In that example, each row resolves to
dataset_root / data/<Split>/<Speaker ID>_khm_<Sentence ID>.wav.
For headerless files (has_header: false), use a positional integer
instead of a column name:
columns:
audio_path:
source_column: 0
dtype: "file_path"
transcription:
source_column: 1
dtype: "string"
Supported dtypes
| dtype | Behaviour |
|---|---|
string |
Cast to str (default). |
file_path |
Resolve to an absolute path. By default this is dataset_root / base_audio_path / value, but the loader can also search one or more base_audio_path roots when path_match_strategy is set, or render filenames and directory roots from metadata columns with path_template and templated base_audio_path entries. |
file_content |
Like file_path, but instead of keeping the resolved path, reads the file and returns its text content. Useful when the index stores paths to transcription files rather than inline text.
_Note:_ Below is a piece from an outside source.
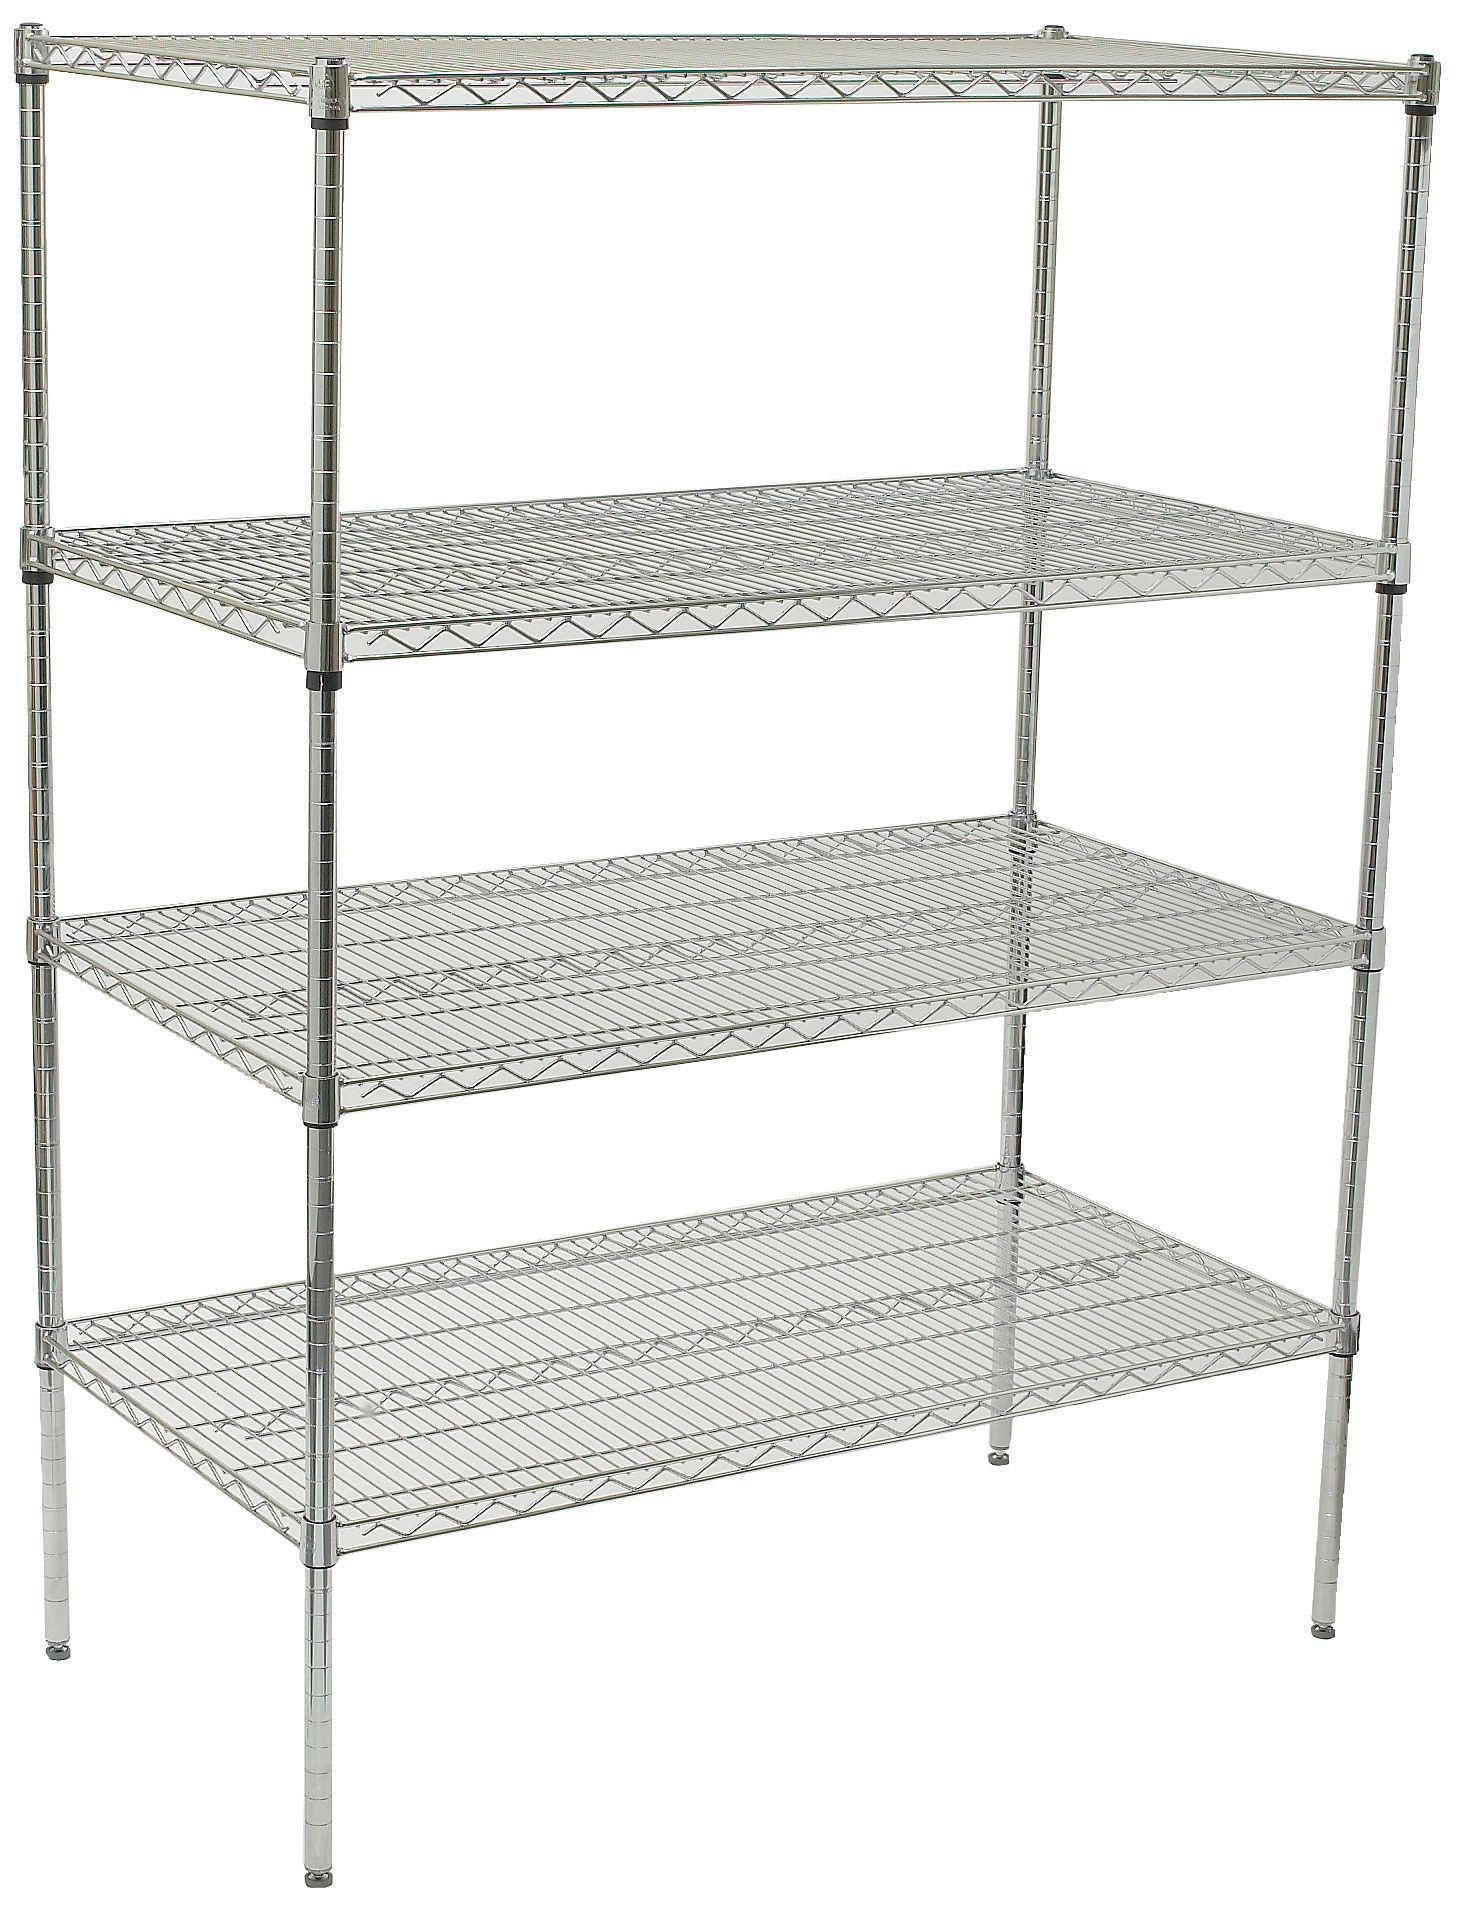 Winco VCS-1836 Chrome Plated 4-Tier Wire Shelving Set, 18" x 36" x 72"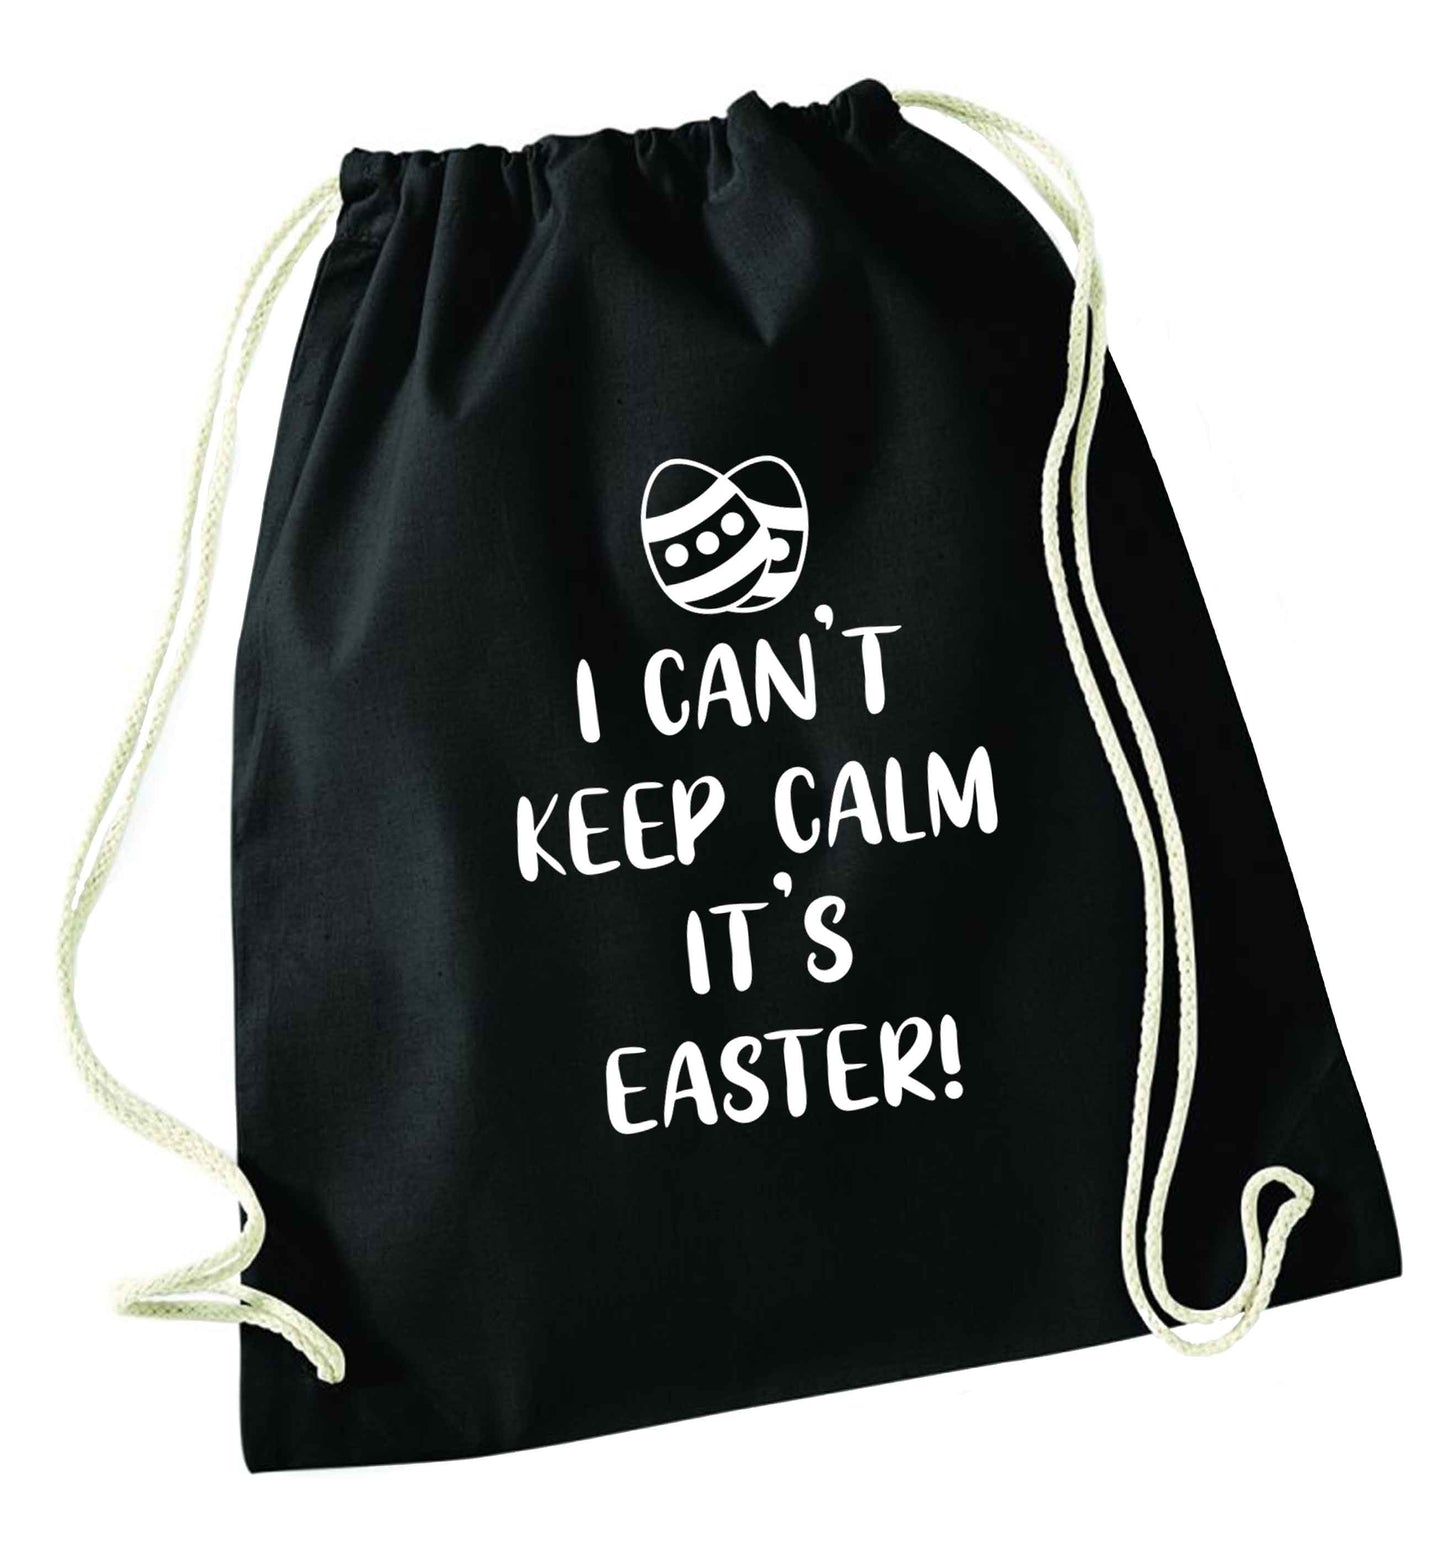 I can't keep calm it's Easter black drawstring bag

Supports the same resolution options (base_audio_path, file_extension, path_match_strategy, path_template). |
category |
Cast to pandas Categorical. |
int |
Numeric coercion → nullable Int64. |
float |
Numeric coercion → float64. |
Content mapping
Used by glob-based strategies to describe how file contents become DataFrame columns:
content_mapping:
text: "file_content" # each file's text → "text" column
meta_source: "file_name" # filename → "meta_source" column
Complete examples
For full examples for each task and strategy, visit the respective task documentation pages under docs/loaders/.
Schema caching
The SDK caches the schema.yaml inside the extracted dataset directory to
minimise API calls:
- When
load_dataset()runs, it obtains the archive checksum from the download plan. - If a local
schema.yamlexists and its storedchecksummatches the archive checksum, the cached copy is used and no network request needed. - If the checksums differ (dataset was updated) or no cache exists, the schema is fetched from the remote registry and saved locally with the current checksum.
- If the remote registry has no schema, a local cache is used as a fallback when available.